At the same time, an increasing emphasis on standardization and driver safety has led to cars that while technically still Chevys, Fords, Dodges, and Toyotas, look and handle increasingly alike. It’s led to restrictor plate racing at a handful of events, to limit maximum speeds. It’s led to penalties on drivers for aggressive racing and a feeling on the part of some purists that the heart has been taken out of the sport and that NASCAR is now boring.
Jimmie Johnson is a native of California, not Carolina. As such he is a natural symbol of the new, national NASCAR; and an easy target for those who pine for the good old days of “real” racing. To those critics his success is proof not that he is a superior driver, but rather that he just works the relatively new system of the ten-race Chase better than anyone else.
Stock car racing, like every sport under the sun, evolves and will continue to do so. And like every other sport, NASCAR has some number of fans who will always insist it was more fun, more challenging, more competitive, or in some other way better in some real or imagined past.
Against that wistfulness two realities intrude. The first reality is that most of the slippage in fan support is of course attributable to the economy; certainly far more so than it is to Jimmie Johnson’s dominance or fan favorite Dale Earnhardt Junior’s inadequacies as a driver. The second reality is that the past is, in the end, just that.
Which is why for the 43 drivers who start each weekend, the focus should be on the here and now. If Jimmie Johnson has perfected the way to win in the NASCAR of the 21st century, it’s obviously not because he’s the only driver racing in that timeframe. So here’s a thought for Harvick, Busch, Bowyer, and every other envious driver: drive faster, driver harder, get a better pit crew, figure it out. Because as he emphatically proved on Sunday, JJ isn’t slowing down.

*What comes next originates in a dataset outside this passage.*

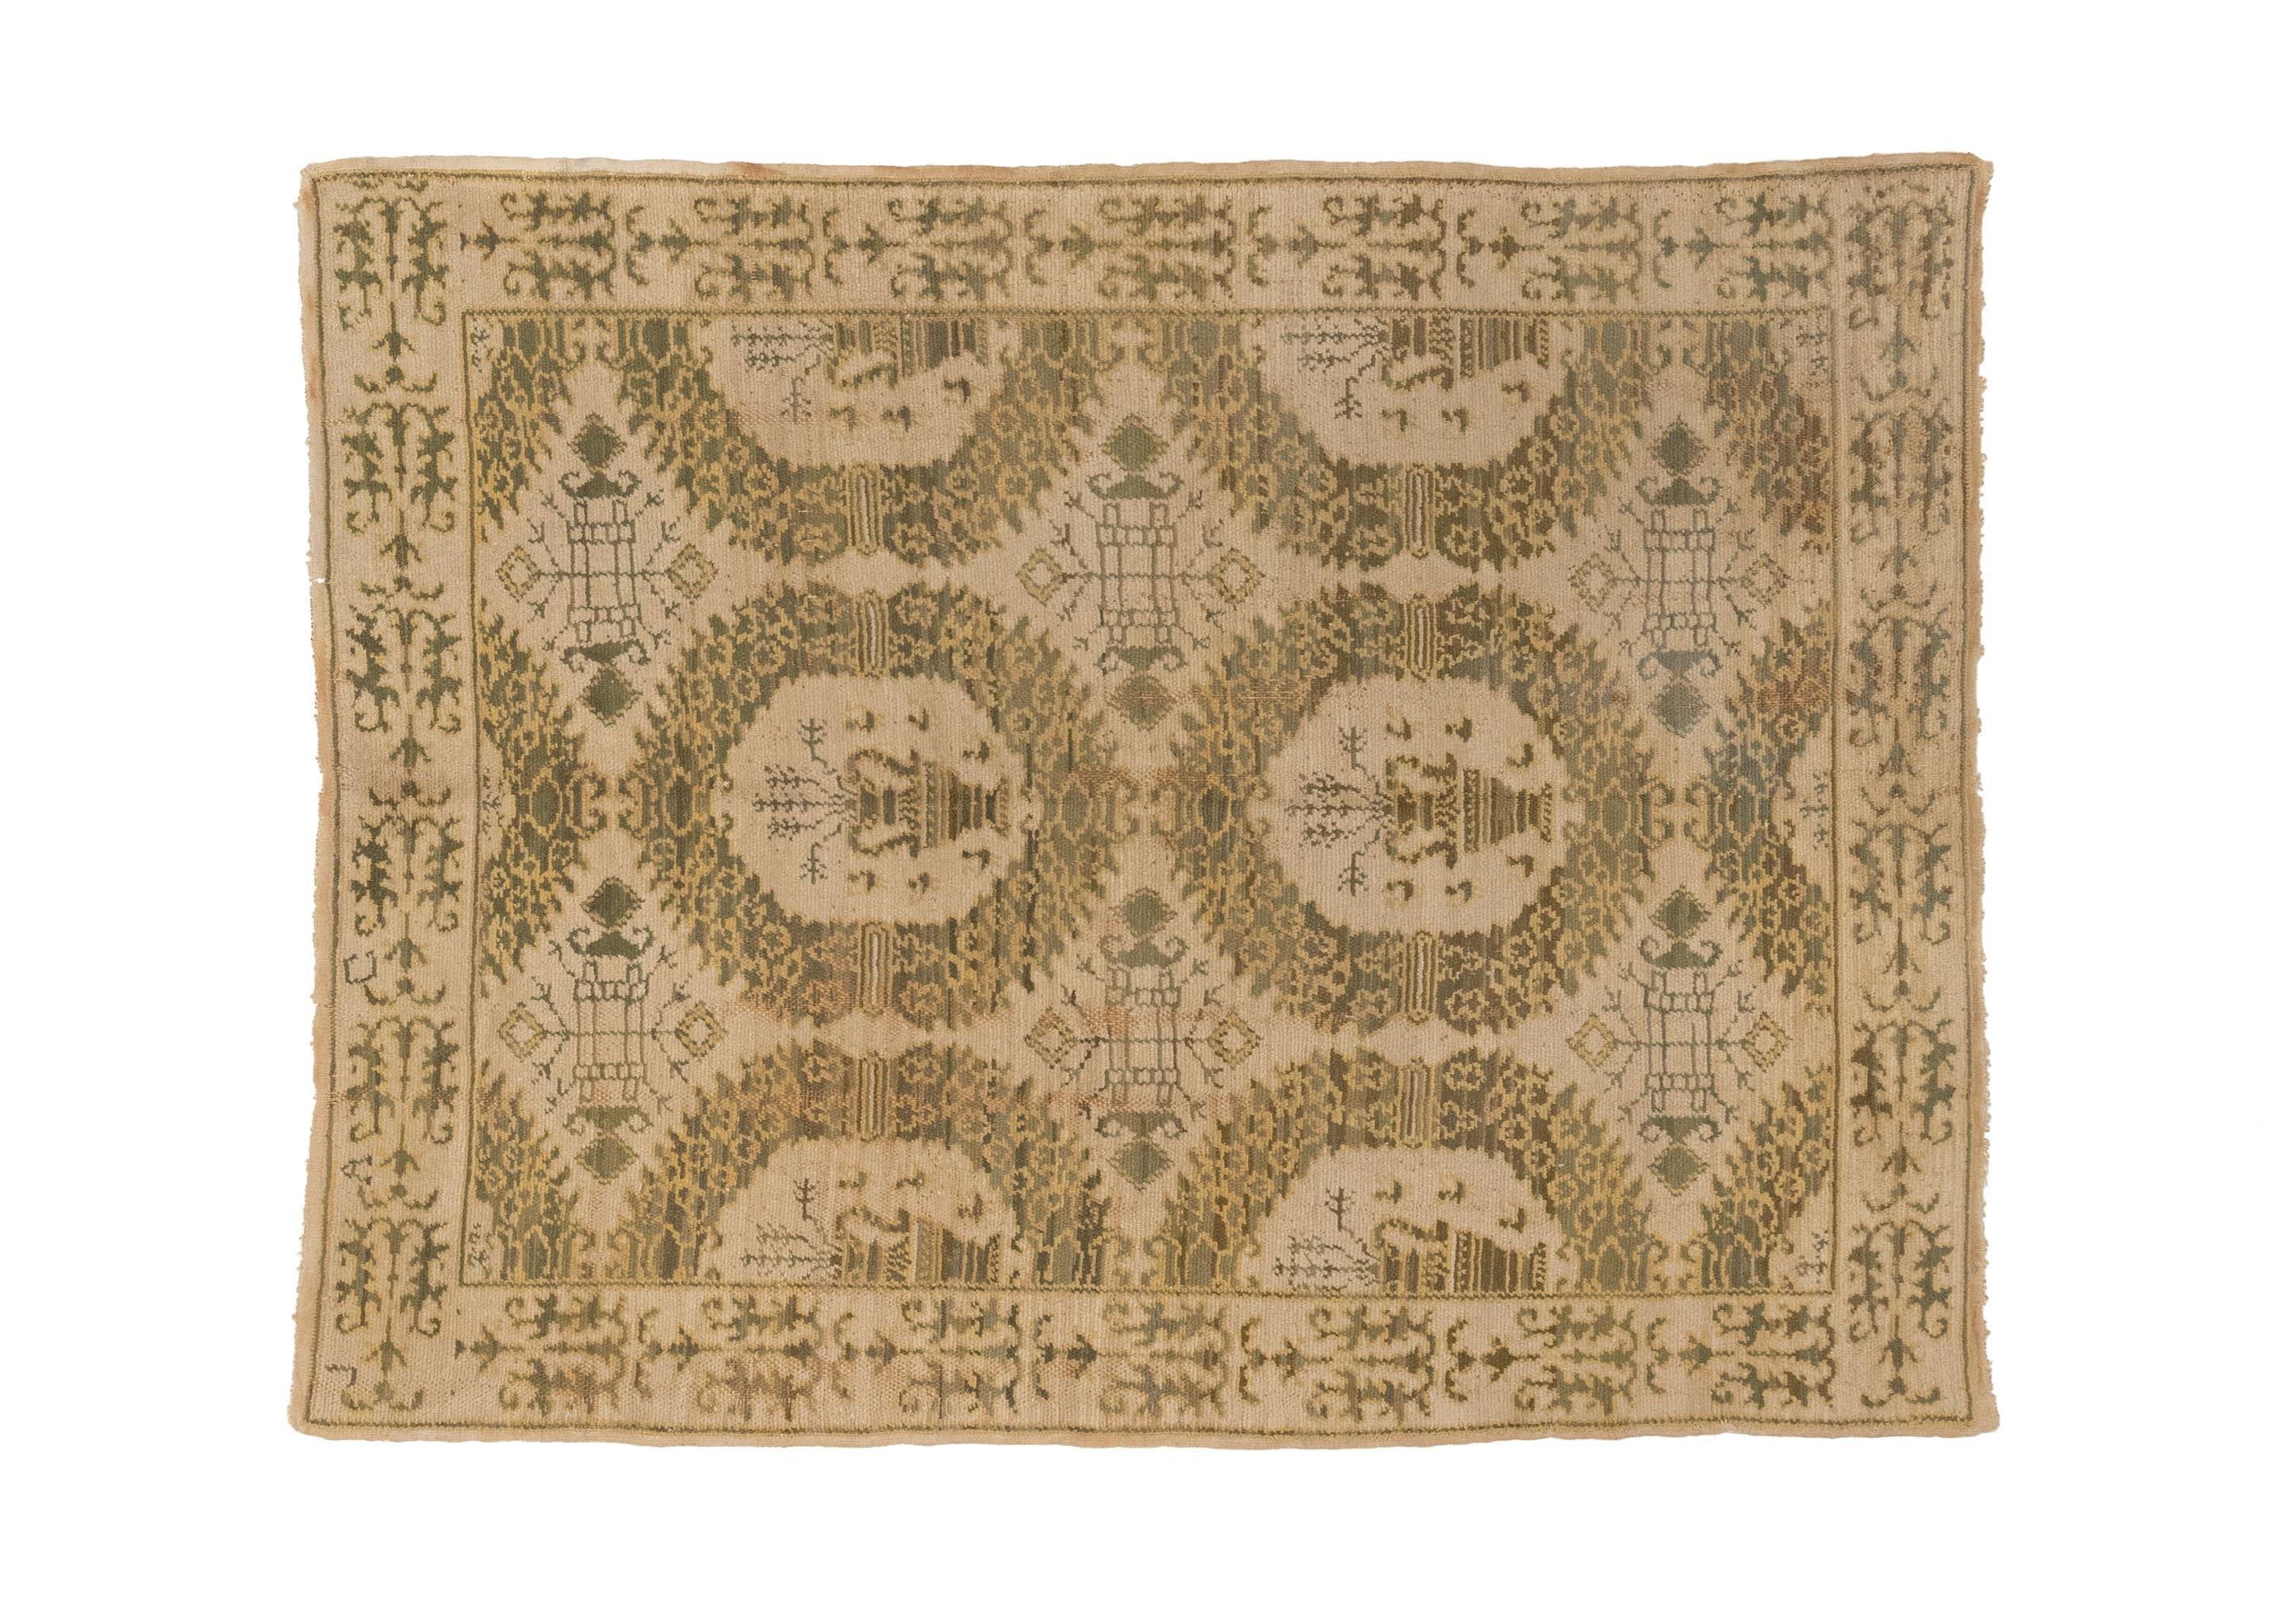 A unique and exquisite piece that combines elements of contemporary design with the charm of antique Portuguese craftsmanship. The rug features a captivating color palette dominated by shades of green and beige, which create a soothing and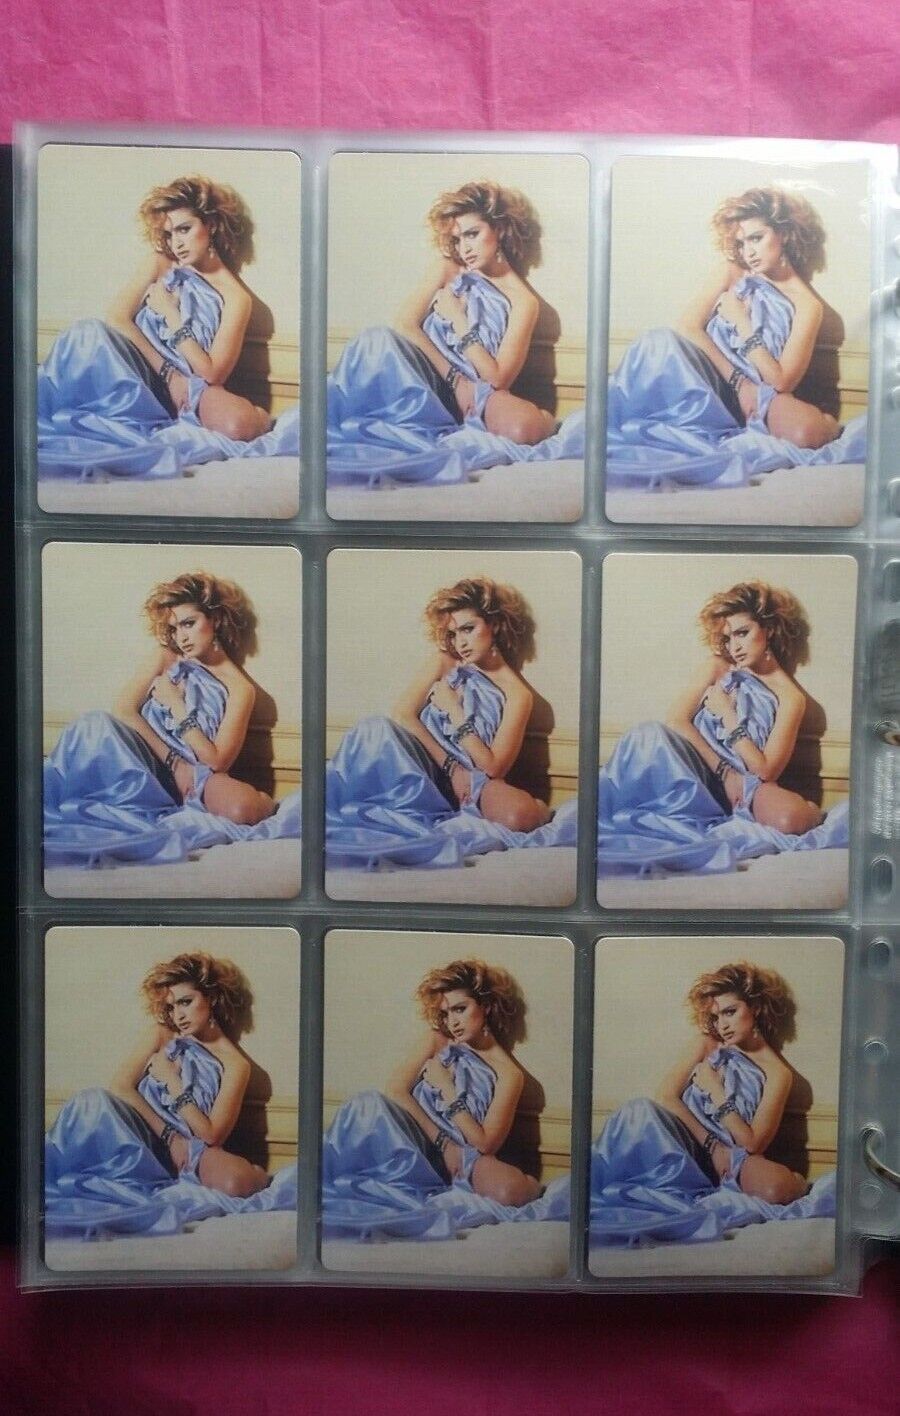 MADONNA Exclusive Playing Cards 1 Off Only Besoke pack (Set 24) See Description.

I have to laugh sometimes when some old school NASCAR fans say that the Chase has made winning the championship “too easy”. If it is so easy, why can’t any of the other drivers do it? This year, Jimmie was behind. His pit crew was slower than some others. His cars were slower than some others. And still, he managed to pull it off through maximizing what he had. JJ will go down as one of the all-time greats. Those fans who don’t recognize that are cheating themselves.